Co-authored by Wendy Ju, Mike Kuniavsky, and David Goedicke

Avery, the autonomous vehicle, is driving through Manhattan, New York City. Avery is equipped with cameras, but the city is busy, crowded, and the halal carts are hard to see through. Still, Avery is able to anticipate what is coming down the road through the use of GPS and maps, and by listening carefully to the environment. Even though there is a school nearby, Avery can tell there are no kids around — maybe it’s a holiday? — so Avery can drive more quietly, without having to do as much to draw attention to his presence.
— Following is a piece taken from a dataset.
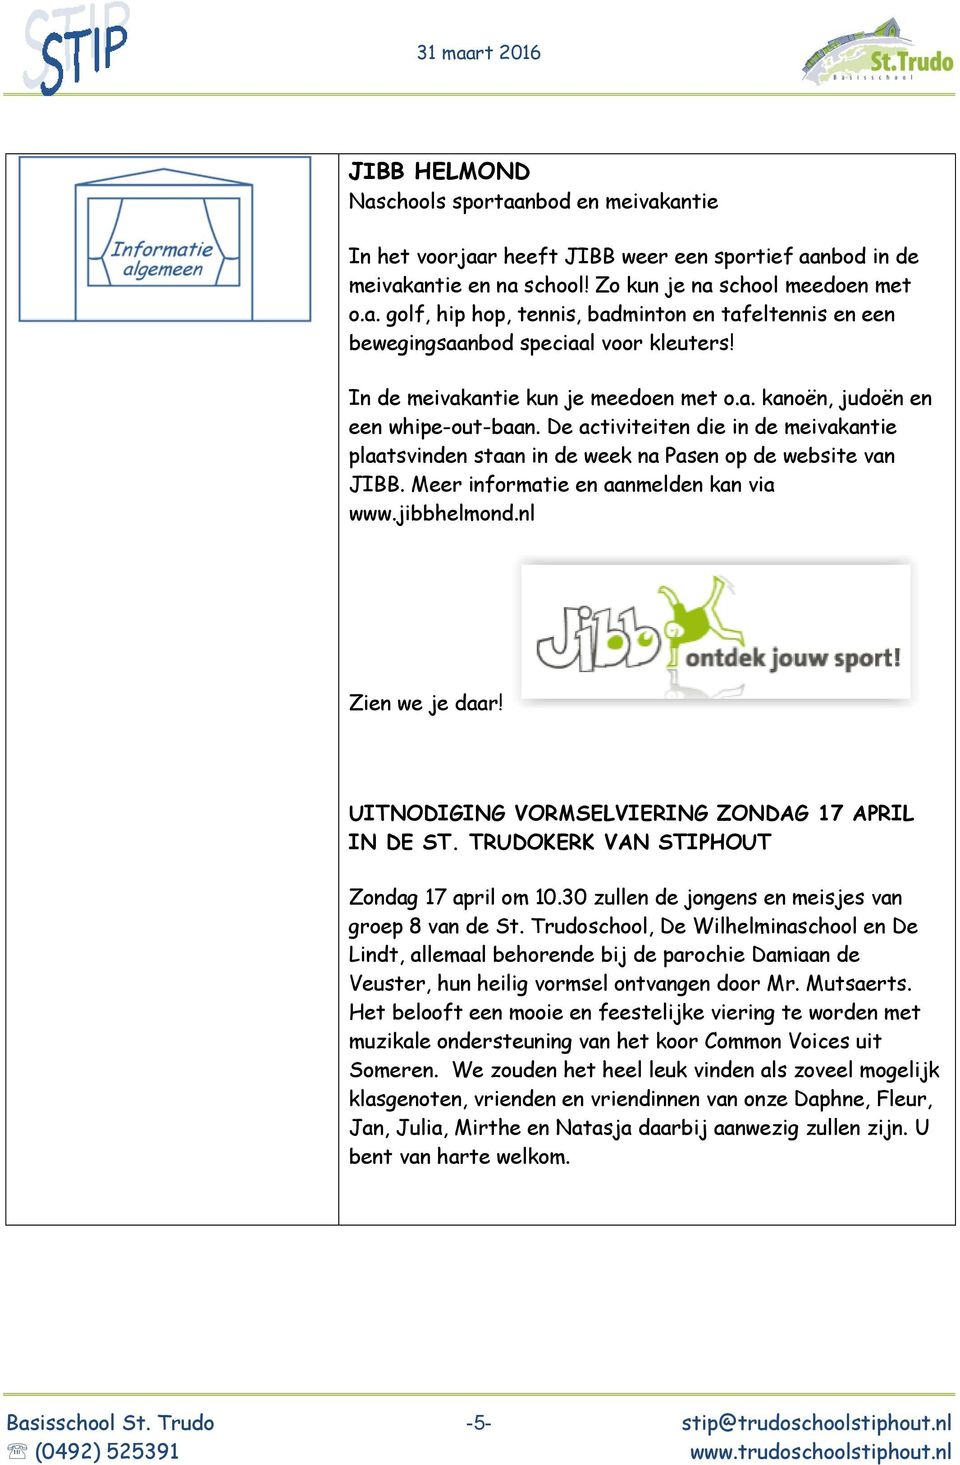 Meer informatie en aanmelden kan via www.jibbhelmond.nl Zien we je daar! UITNODIGING VORMSELVIERING ZONDAG 17 APRIL IN DE ST. TRUDOKERK VAN STIPHOUT Zondag 17 april om 10.

On the other hand, Avery’s acoustic sensors can hear there’s a hubbub coming down 2nd Avenue, so Avery’s navigation system pilots him down 1st avenue instead.

What is an Acoustic Digital Twin?

In this fictional scenario, the autonomous vehicle is using an acoustic digital twin to augment its other sensors to help navigate New York City. If you recall from our previous blog article, a digital twin is a virtual representation that mirrors the physical world, allowing for design, tracking, and system analysis.

An Acoustic Digital Twin (ADT) includes a sonic profile of the environment that supplements the model for the objects, people, and activities that might take place in a physical space. More importantly, ADT semantically interprets and spatially maps the sounds to help the autonomous car understand the dynamic state of the space, such as where activity is currently happening, or what the people in the space are currently doing.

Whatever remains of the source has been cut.